Page:Fournier - Souvenirs poétiques de l’école romantique, 1880.djvu/50

Le texte de cette page a été corrigé et est conforme au fac-similé.
34
BARBIER (AUGUSTE).

Il était doux de vivre aux chansons des guitares,
Car, ainsi qu’aujourd’hui, les chants n’étaient pas rares.

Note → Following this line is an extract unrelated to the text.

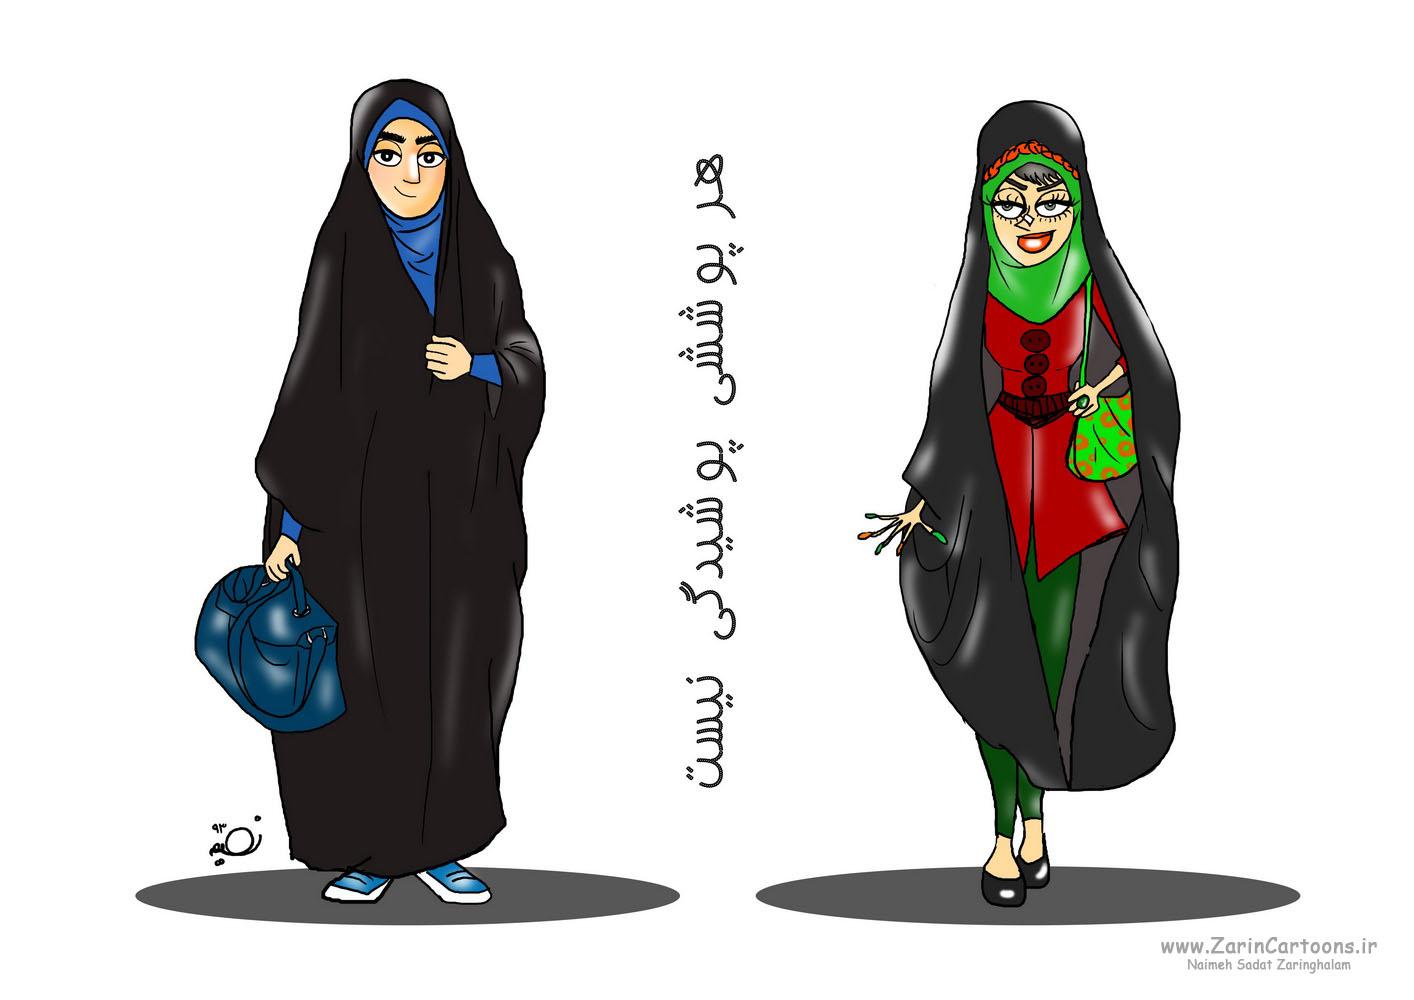 کاریکاتور حجاب .2 سری جدید کاریکاتور با موضوع حجاب سری جدید کاریکاتور با موضوع حجاب

Les chants suivaient partout les plaisirs sur les eaux,
Les courses à la rame, à travers les canaux,
Et les beaux jeunes gens, guidant les demoiselles,
Alertes et gaiement, sur les gondoles frôles.
Alors, après la table, une main dans la main,
On dansait au Lido jusques au lendemain ;
Ou bien vers la Brenta, sur de fraîches prairies,
On allait deux à deux faire ses rêveries,
Et sur l’herbe écouter l’oiseau chanter des vers
En l’honneur des zéphirs qui chassaient les hivers
Alors jeunes et vieux avaient la joie en tête ;
Toute la vie était une ivresse parfaite,
Une longue folie, un long rêve d’amour,
Que la nuit en mourant léguait encore au jour.
On ne finissait pas de voir les belles Heures
Danser d’un pied léger sur toutes les demeures ;
Car Venise était riche, et les vagues alors,
Comme au grand Salomon lui roulant des trésors,
Sous son manteau doré, sa pourpre orientale,
Le visage inondé de la senteur natale,
Elle voyait ses fils, épris de sa beauté,
Dans ses bras délicats mourir de volupté.
Mais le bonheur suprême en l’univers ne dure ;
C’est une loi qu’il faut que tout le monde endure,
Et l’on peut comparer les forêts aux cités,
En fait de changements et de caducités.
Comme le tronc noirci, comme la feuille morte
Que l’hiver a frappés de son haleine forte.
Le peuple de Venise est tout dénaturé.
C’est un arbre abattu sur un sol délabré ;
Et l’on sent, à le voir ainsi, que la misère
Est le seul vent qui souffle aujourd’hui sur sa terre.